Yours for reality-based discourse,
[Update: March 4, 2007] Jonathan Yardley's intelligent and careful review of Uncouth Nation in the Washington Post, "Exploring the roots of anti-Americanism among European elites," agrees that the elite component of western European anti-Americanism is deep-seated and persistent, but argues that broader manifestations of popular anti-Americanism are more superficial and transitory. I guess time will tell.
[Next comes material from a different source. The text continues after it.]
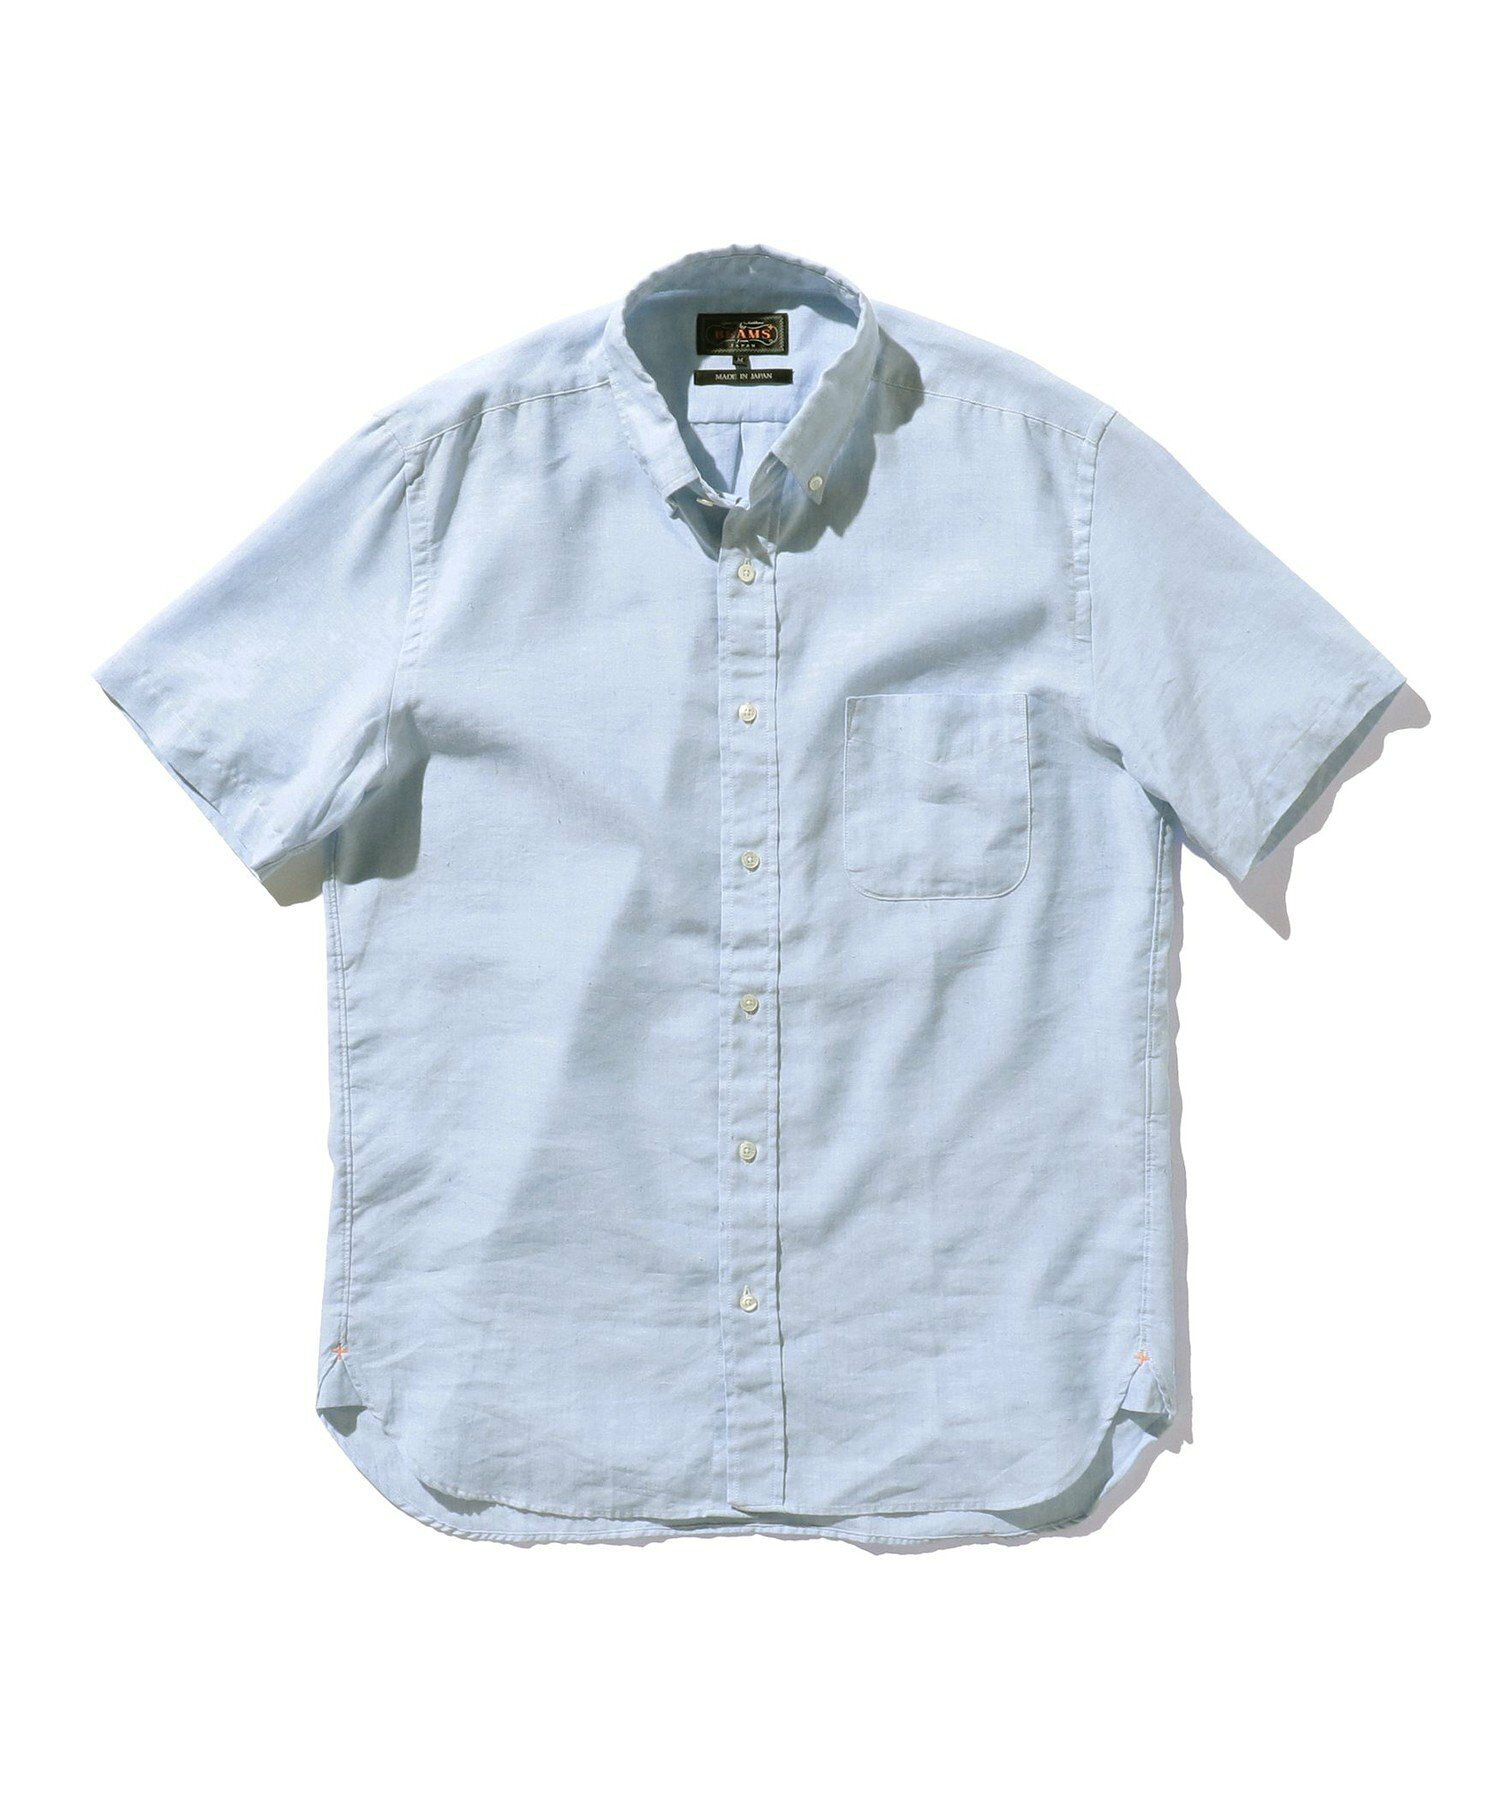 【ビームスの百名品】BEAMS PLUS / リネン COOLMAX(R) ボタンダウン ショートスリーブシャツ

P.S. I can't resist adding a personal note, even though it isn't necessarily of direct relevance to Markovits's arguments in this book. As he correctly mentions at one point, you don't necessarily have to be a foreigner to be anti-American. In some ways I don't find it so hard to appreciate the intellectual and emotional temptations of Europhile anti-Americanism, since I went through a pretty intense and formative phase of it myself in my 20s. This no doubt had something to do with specific features of that particular historical period--that is, the late 1960s and early 1970s. But I suspect that for two centuries a phase of this sort, in one form or another, has often been standard part of the maturation process for would-be intellectuals in American society. (And I don't just mean left-wing or bohemian intellectuals--consider T.S. Eliot or Henry James, for example.) It might be thought of as a kind of Oedipal break from what feels like the all-encompassing stranglehold of American culture, including American anti-intellectualism, or perhaps a process of inner withdrawal and return. And an engagement with European thought, culture, and politics has often been the focus for this withdrawal and return, whether that meant actually going to Europe physically or just doing it in imagination.
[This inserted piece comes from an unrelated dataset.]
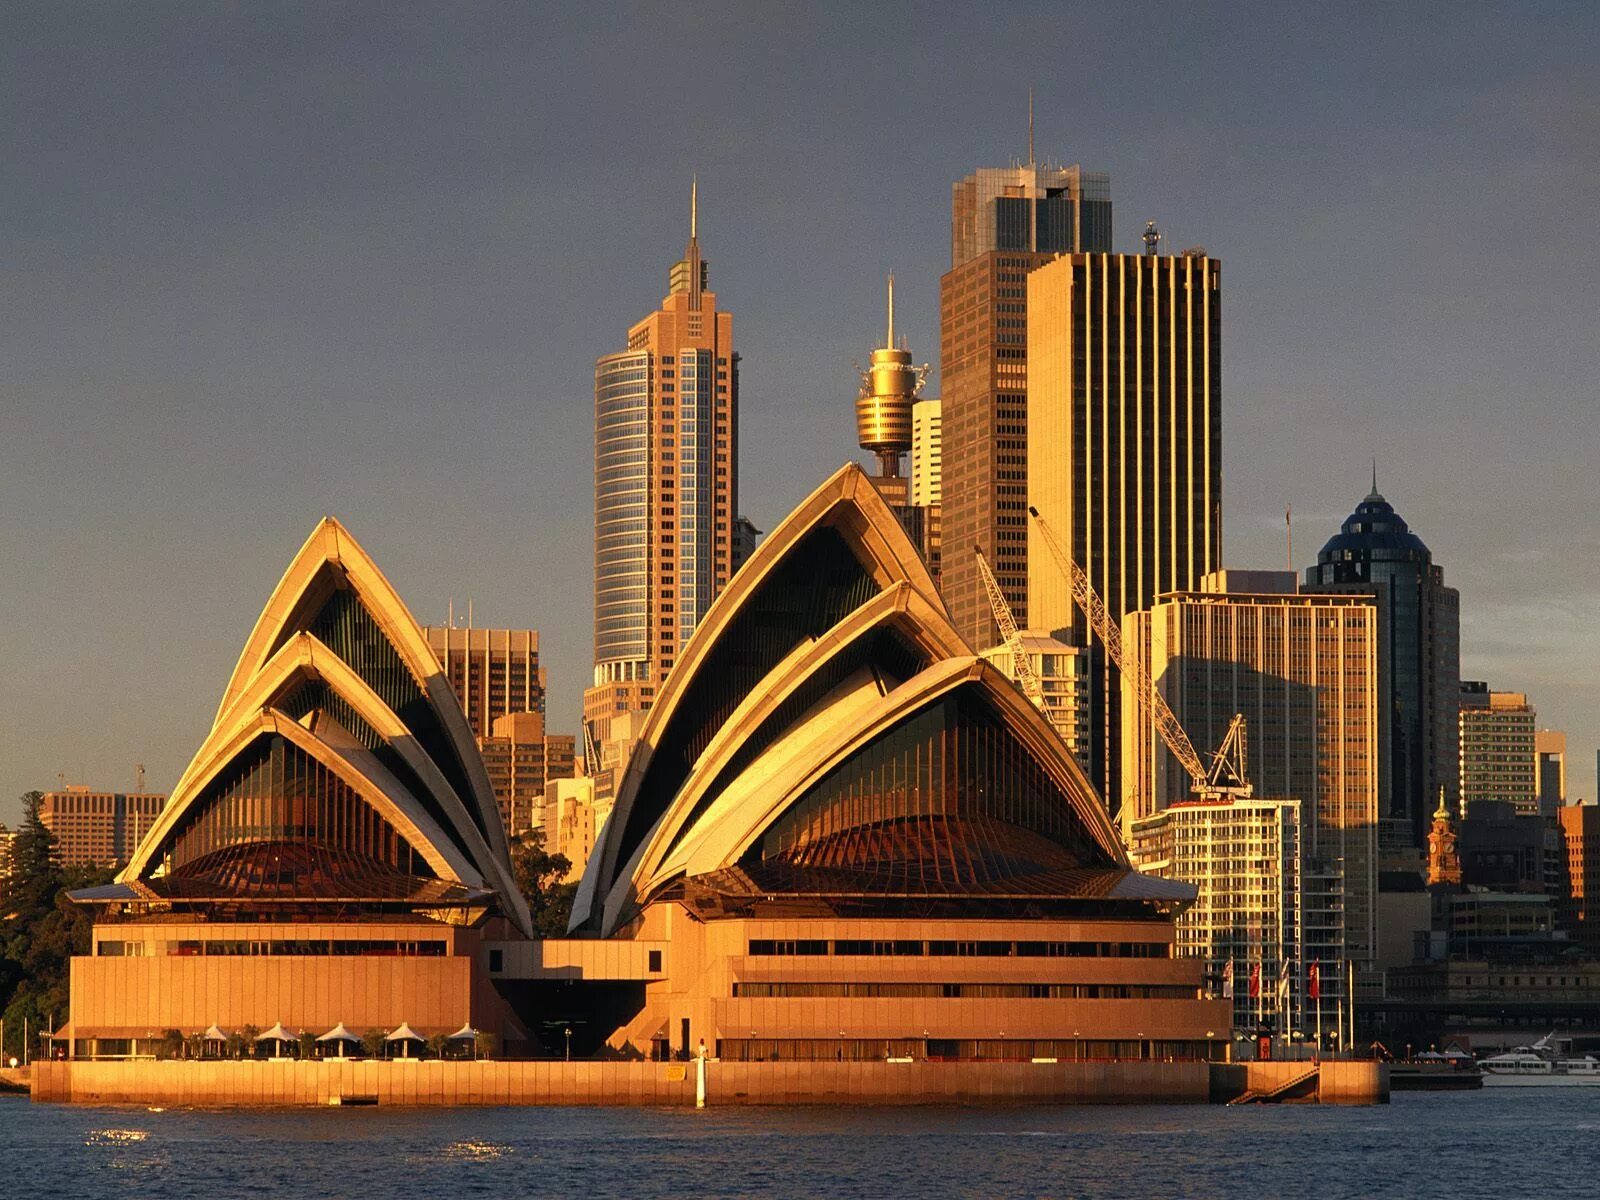 Какая красивая страна. Сиднейский оперный театр. Сидней столица Австралии достопримечательности. Australia Sydney архитектура города. Архитектура Сидней Мельбурн.

I recall a conversation I had about three decades ago with one of my intellectual mentors, who at that point had a considerably more balanced attitude toward America than I did, in which he mentioned that in the long run it made a big difference whether or not someone had ever experienced a moment of radical doubt about American society. I immediately recognized the force of that remark. But it also makes a big difference whether one experiences this moment of estrangement as a point of developmental transition, and gradually finds a way to move beyond it, or instead gets stuck in it indefinitely. Both history and my own observations have made it clear to me that some people withdraw but never return.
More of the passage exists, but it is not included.